Thousands of villagers in the northern Philippines are being evacuated as government workers prepare to drain an overflowing lake from nearby Mount Pinatubo.
The head of the national disaster coordinating council, General Melchor Rosales, says the Philippine government is attempting to evacuate all 40,000 residents in the farming town of Botolan before daybreak Thursday. "This is just a precautionary evacuation to get them out of harm's way if the estimates were mistaken. We have several evacuation centers. Most of them are in school buildings," Rosales said. The village lies just 40 kilometers from Mount Pinatubo where engineers Thursday will begin releasing millions of cubic meters of water from the crater-lake.

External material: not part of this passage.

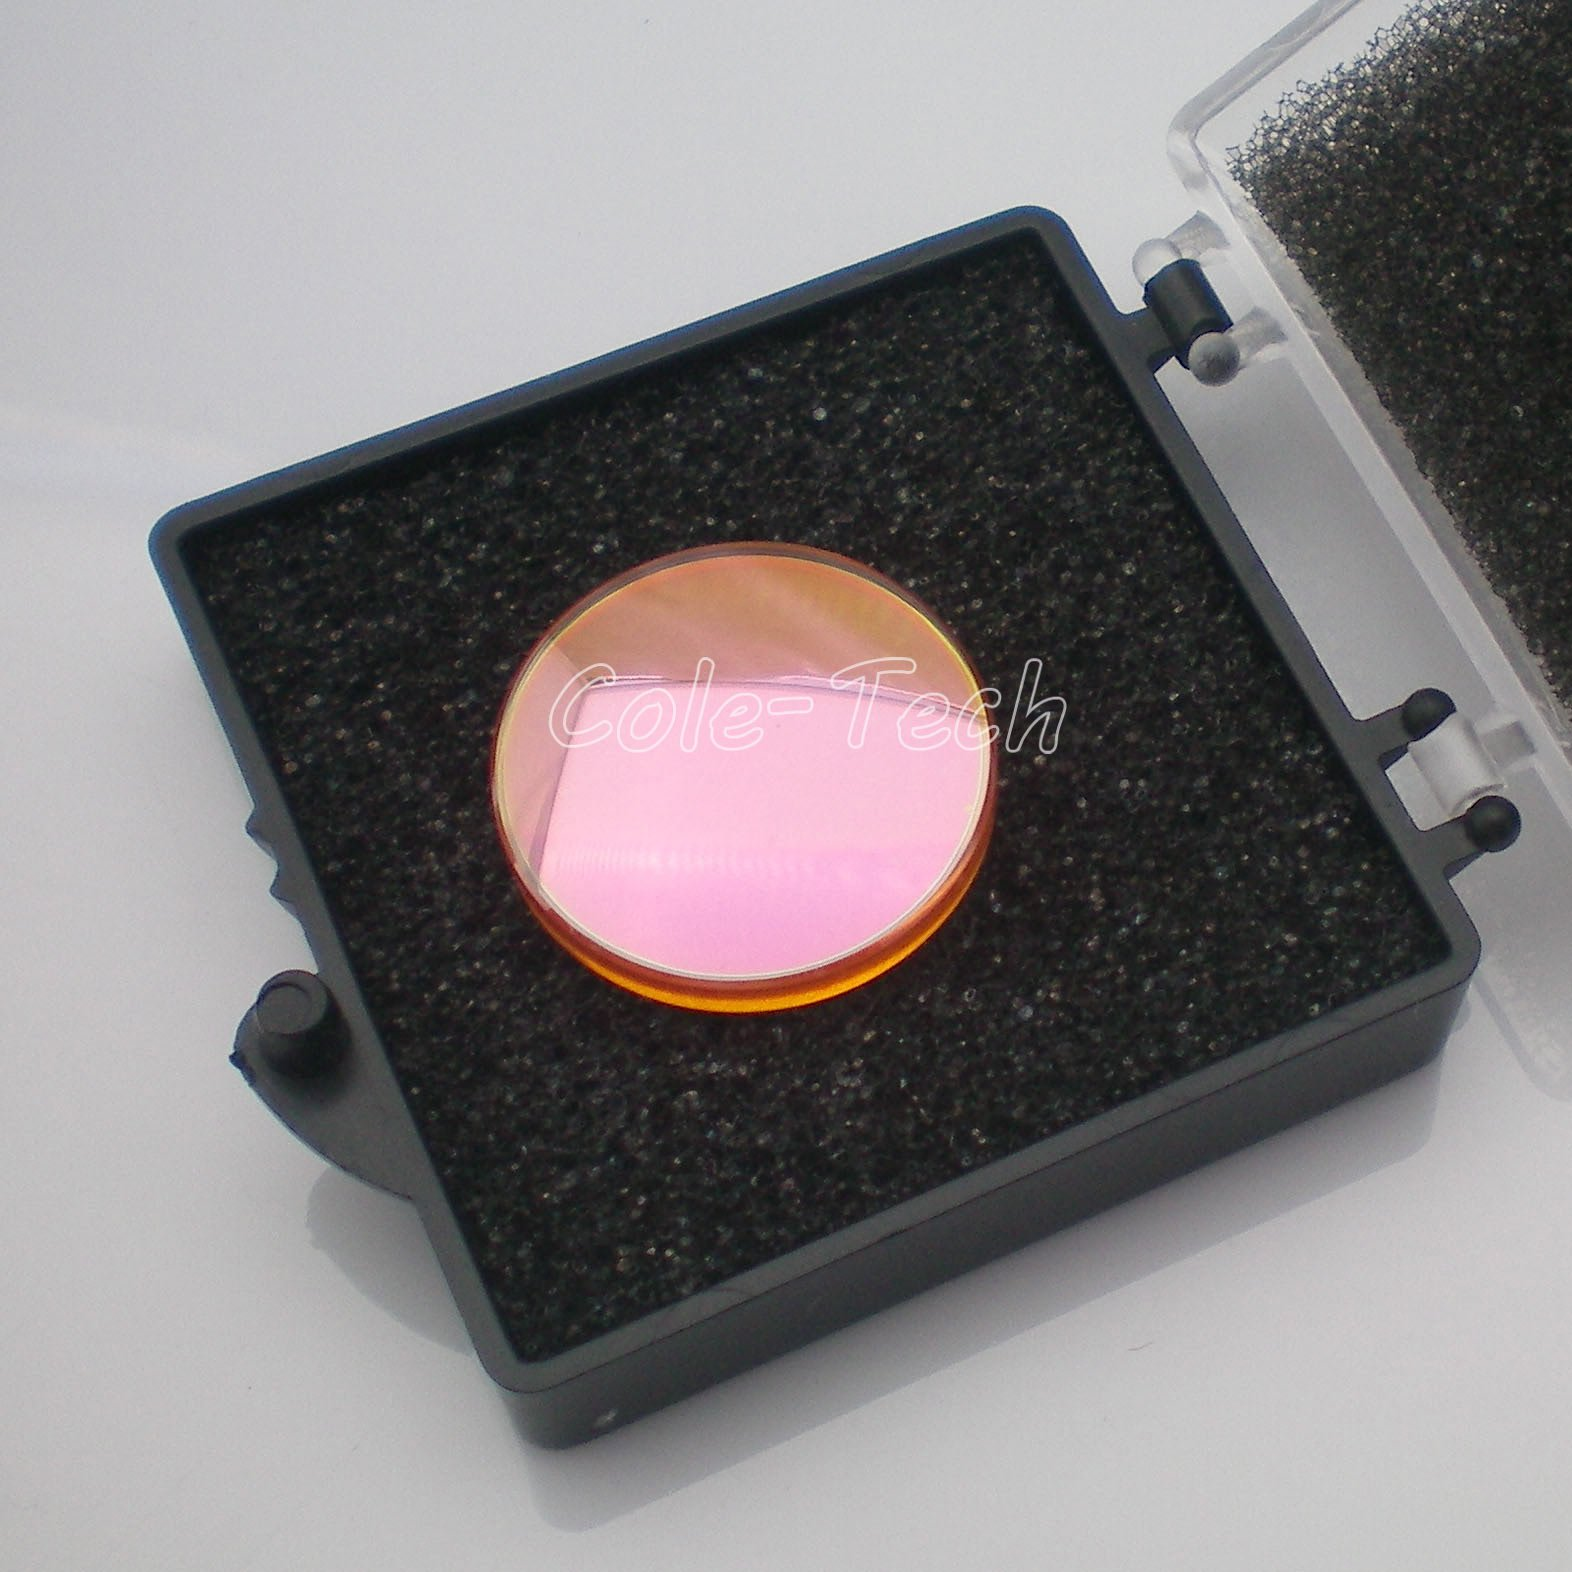 18mm ZnSe Focus Lens for CO2 10600nm 10.6um Laser Engraver/Cutter Dia:18mm FL: 3'' or 76.2mm

Recent heavy rains have left the lake dangerously swollen. Its surface is said to be less than two meters from the rim of the volcano.
Scientists using high-pressure pumps will direct the water to a canal built through the wall of the crater and into the South China Sea. But scientists say there is a chance that the lake could overflow and bury Botolan under a mountain of mud and debris.
Hundred of families riding military trucks, buses, buffalo-drawn carts and horses have been leaving their homes since early Wednesday. But hundreds more are refusing to go. Botolan's mayor says he will forcibly evacuate the villagers if they continue to resist.
In 1998, about 2,000 people were killed when the crater lake inside Casita volcano in Nicaragua overflowed.
Mount Pinatubo volcano in the Philippines has its own deadly history. After laying dormant for centuries, it erupted in 1991, killing more than 800 people.